Data Science Lecture Notes
Course: Introduction to Data Science
Instructor: Dr. Sarah Thompson
Semester: Fall 2025
Week 1: Overview of Data Science
Data Science is an interdisciplinary field that combines statistics, computer science,
and domain expertise to extract insights from structured and unstructured data.
Applications include predictive modeling, natural language processing, and data
visualization.
Week 2: Data Collection & Cleaning
Data quality is critical. Techniques include handling missing values, detecting outliers,
and normalizing numerical features. Tools: Python (pandas), R, SQL.
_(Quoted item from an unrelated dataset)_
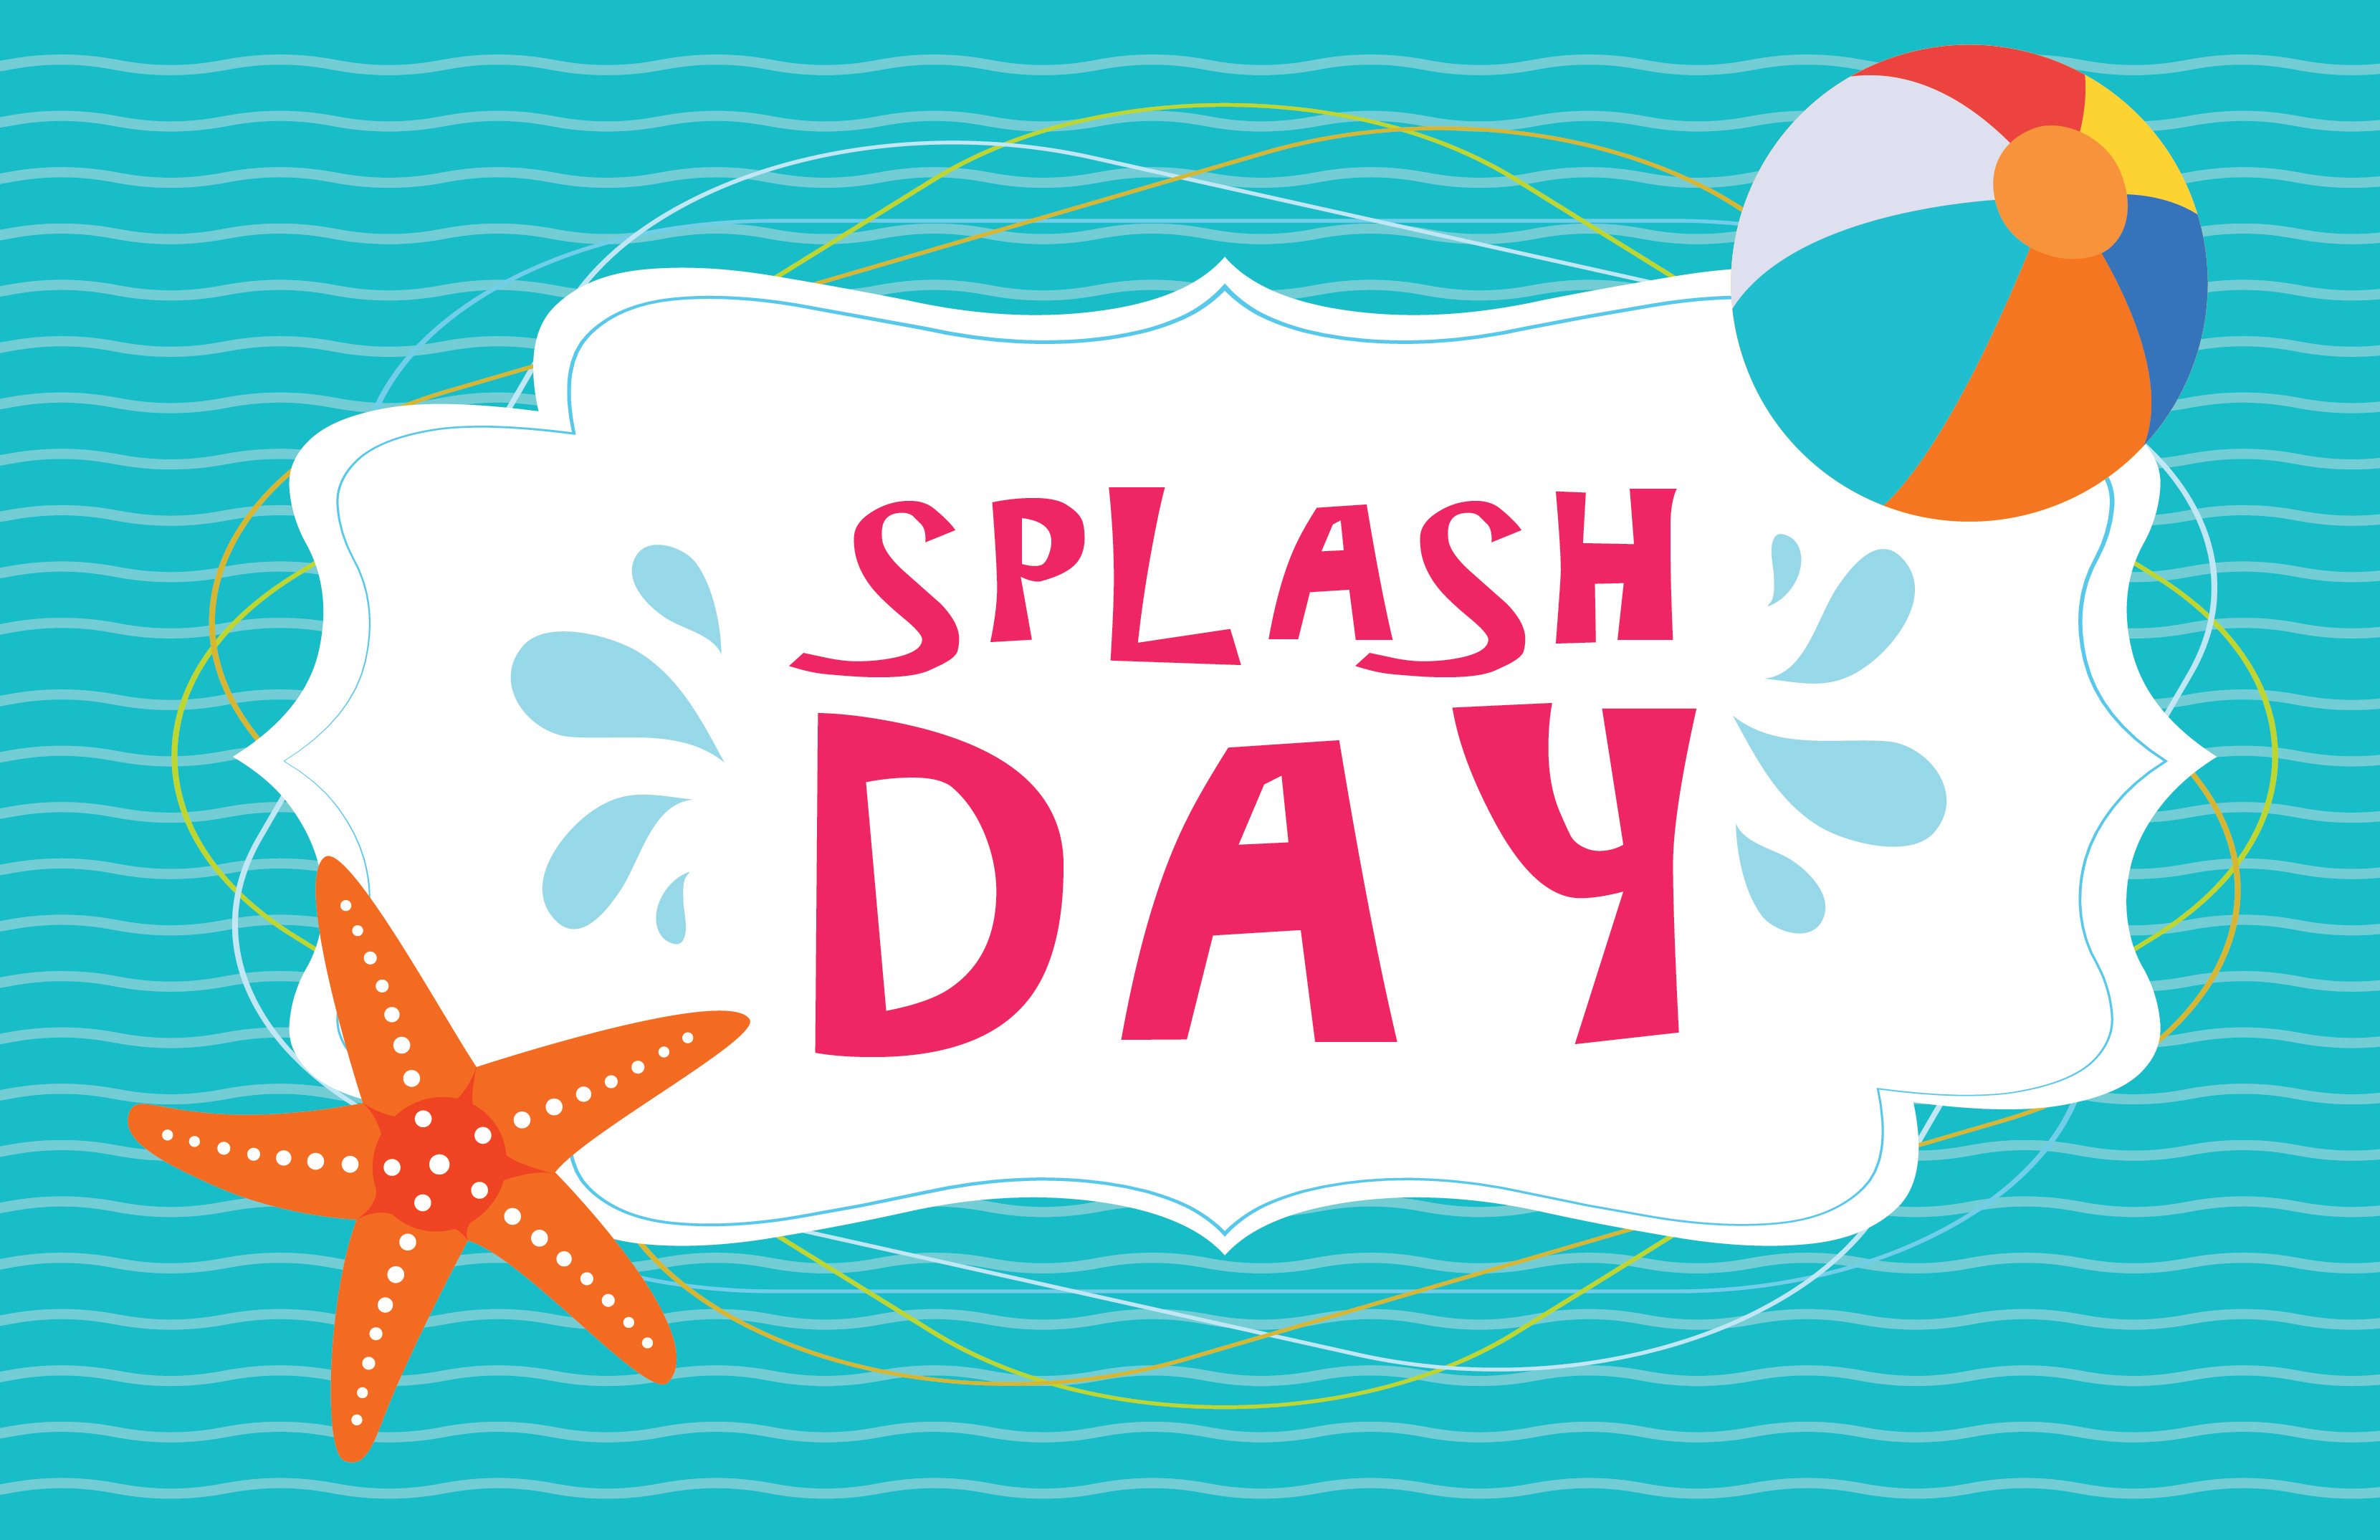 Dive into Summer Fun at Memorial Parkway's Splash Day Event on June 15

Week 3: Exploratory Data Analysis (EDA)
EDA involves summarizing datasets and visualizing distributions to identify patterns
and relationships. Common tools: matplotlib, seaborn, Tableau.
Week 4: Statistical Foundations
Key concepts: probability distributions, hypothesis testing, confidence intervals, and
regression analysis.
Week 5: Machine Learning Basics
Supervised vs. Unsupervised Learning. Algorithms: Linear Regression, Decision Trees,
k-Means Clustering, Random Forests.
Week 6: Model Evaluation
Metrics include accuracy, precision, recall, F1 score, and ROC-AUC. Cross-validation
ensures model robustness.
Week 7: Big Data & Cloud Computing
Introduction to distributed systems (Hadoop, Spark) and cloud platforms (AWS, GCP,
Azure) for large-scale data processing.
Week 8: Ethics in Data Science
Discussion on bias, fairness, and privacy in AI models. Importance of transparent
algorithms and data governance.
Week 9: Capstone Project
Students apply the full data science workflow to a real-world dataset, delivering a
report and presentation.
End of Notes